6. Rights in Event of Termination of Employment. In the event that the
Executive resigns from employment for Good Reason by delivery of a Notice of
Termination to the Company and the Bank, or the Executive's employment is
terminated by the Company or the Bank without Cause pursuant to Section 3(f)
(and so long as the Executive is not terminated pursuant to Sections 3(b), (c),
(d), (e), (g) or (h) hereof) the Executive shall be entitled to receive the
amounts and benefits set forth in this Section 6.
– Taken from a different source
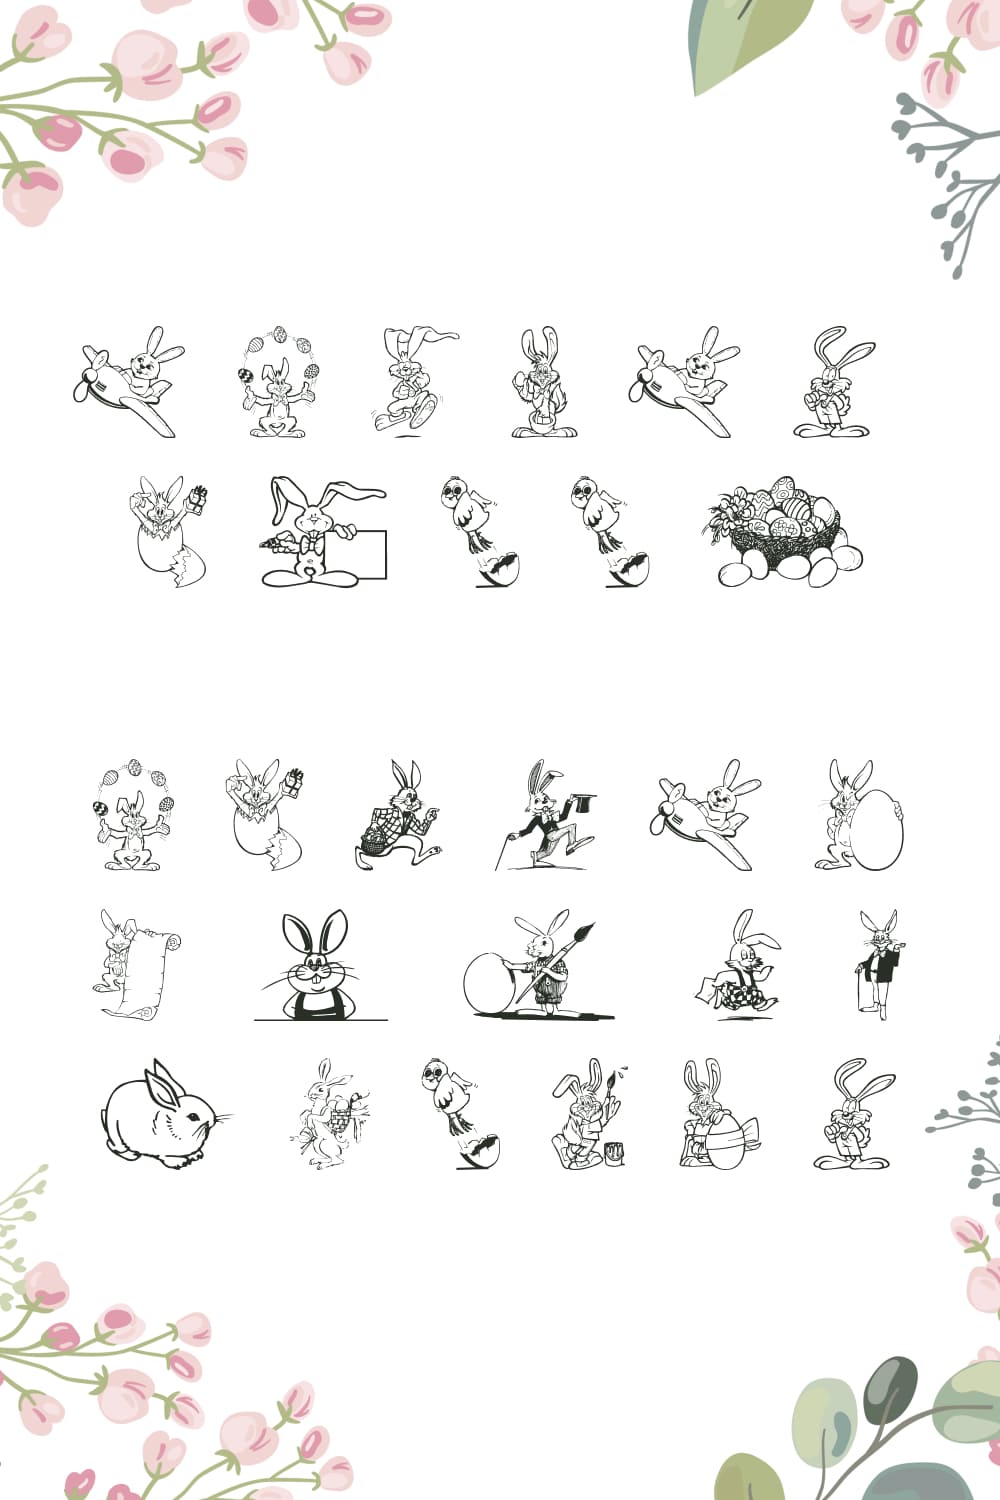 Little drawing rabbits on a white background.

(a) Over a period of 36 months from the date of termination of
employment, the Bank shall pay the Executive three times his Average Annual
Compensation (as hereinafter defined).
(i) For purposes of this Agreement, the term "Average Annual
Compensation" means the sum of (A) a dollar amount equal to the average of the
Executive's base salary during each of his five most recent years of employment
hereunder (or such fewer number of years as the Executive is employed under the
terms of this Agreement), and (B) a dollar amount equal to the average of the
bonuses the Executive received during each of the five most recent years of
employment hereunder (or such fewer number of years as Executive is employed
under the terms of this Agreement).
(ii) Amounts required to be paid to the Executive under
Section 6(a) shall be paid in equal monthly installments, beginning thirty (30)
days following the date of termination of employment.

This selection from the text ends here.